Ionic liquid applications (ILs), unique salts that remain liquid at low temperatures, have garnered significant attention due to their exceptional properties, including negligible vapor pressure, high thermal stability, and remarkable solvation capabilities. These characteristics have paved the way for a multitude of innovative applications across various industries.
Advancements in Energy Storage and Conversion
Recent developments have highlighted the potential of ILs in enhancing energy storage systems. For instance, the ionic liquid N2222 BF4 has emerged as a promising conducting salt for supercapacitors. When utilized as an electrolyte in acetonitrile solutions, it offers a broad operational window and excellent solubility, enabling energy densities up to 102 Wh/kg.
Carbon Capture and Utilization
In the realm of environmental sustainability, ILs have demonstrated efficacy in carbon capture and conversion technologies. The hydrophobic, low-viscosity ionic liquid N1123 BTA has been developed for the capture and in situ reduction of CO₂ to methanol and formate, presenting a viable pathway for greenhouse gas mitigation.
Ionic liquid Applications in Biomedical
The biomedical field has also benefited from IL innovations. Cholinium hexanoate, an environmentally benign surface-active ionic liquid, has been employed for cell lysis, biopolymer extraction, and drug delivery, underscoring its versatility in medical and biotechnological applications.
Catalysis and Fuel Cells
Ionic liquid applications ( ILs ) have made significant strides in catalysis and fuel cell technologies. The strongly Brønsted acidic protic ionic liquid MIM ABS OTf has been utilized as a membrane additive for proton exchange membrane (PEM) fuel cells. Nafion membranes impregnated with this IL have achieved current densities up to 217 mA/cm² under anhydrous conditions at 25 °C, indicating its potential to enhance fuel cell performance.
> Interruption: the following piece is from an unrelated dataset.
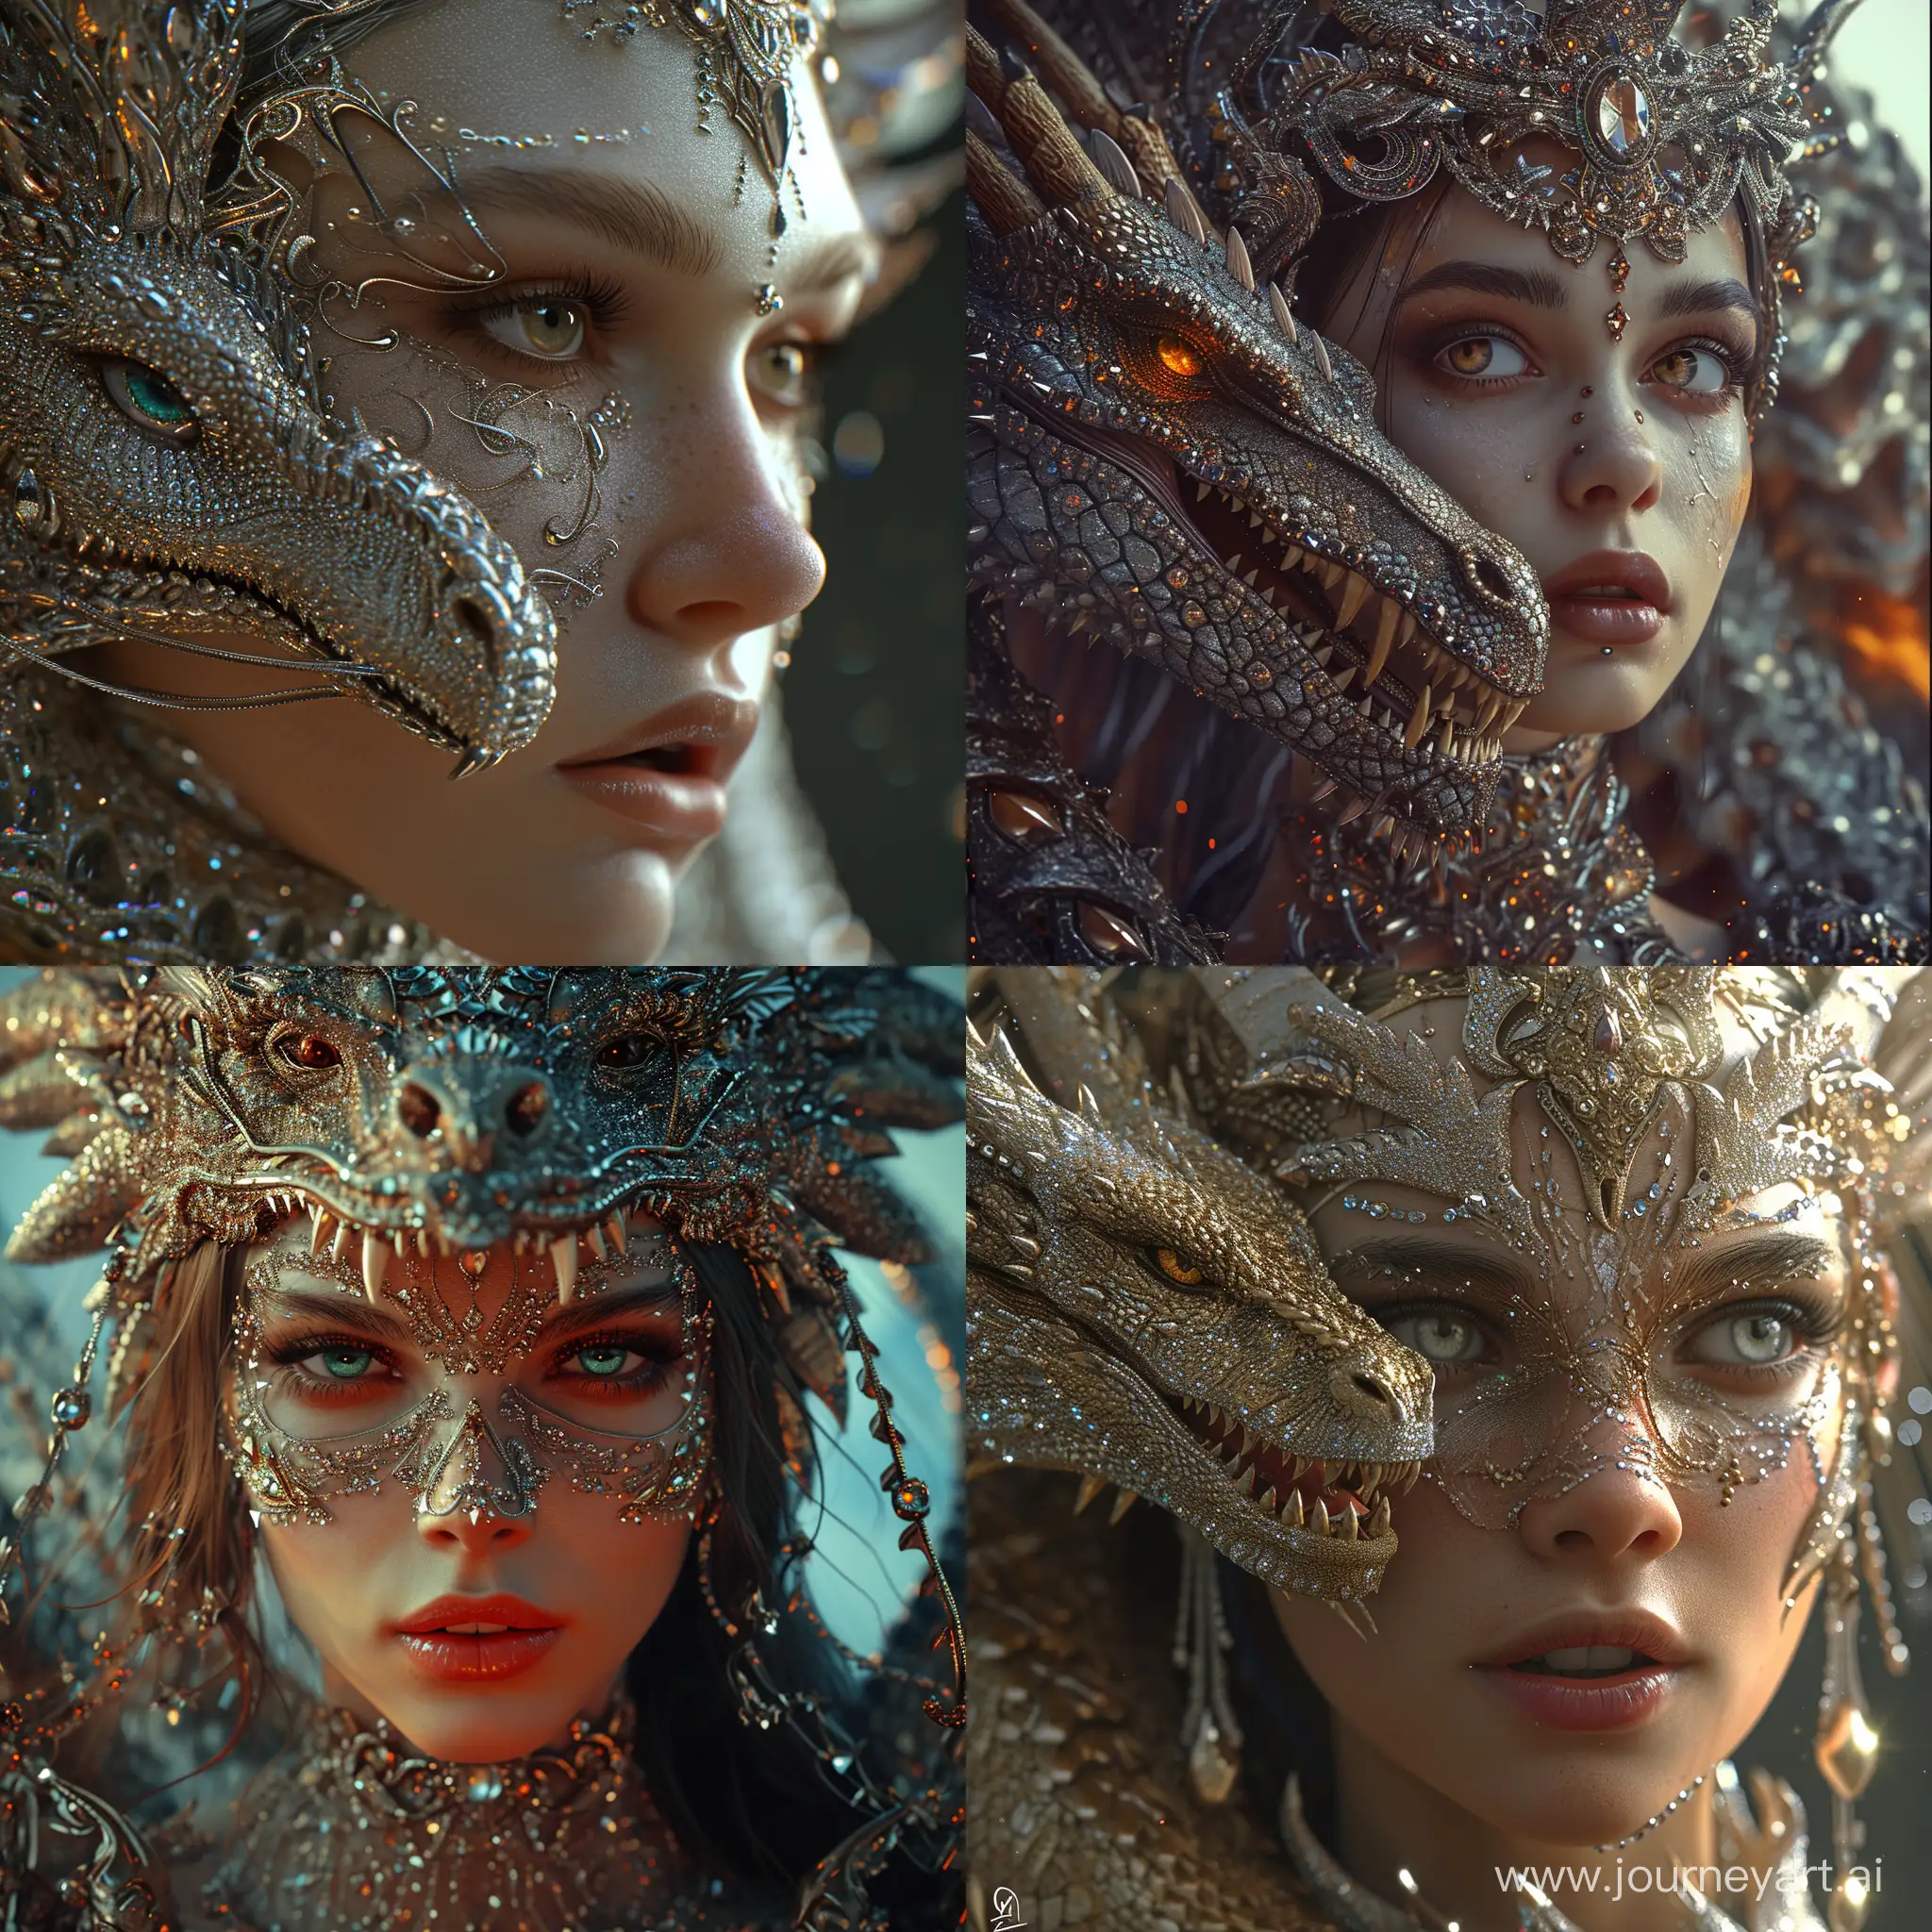 Enchanting-Fusion-of-Woman-and-Dragon-in-Hypermaximalistic-Fantasy-Art

Supercapacitors with Non-Carbon Electrodes
The development of Ionic liquid applications (ILs) such as N222 BTA has opened new avenues for supercapacitors employing non-carbon electrodes. Micro-supercapacitors utilizing this IL have demonstrated impressive capacity retention over approximately one million cycles at voltages up to 4V, highlighting their durability and efficiency.
These advancements underscore the transformative potential of ionic liquids across diverse sectors, from energy and environment to biomedicine and catalysis. As research continues, the scope of IL applications is poised to expand, driving further innovation and technological progress.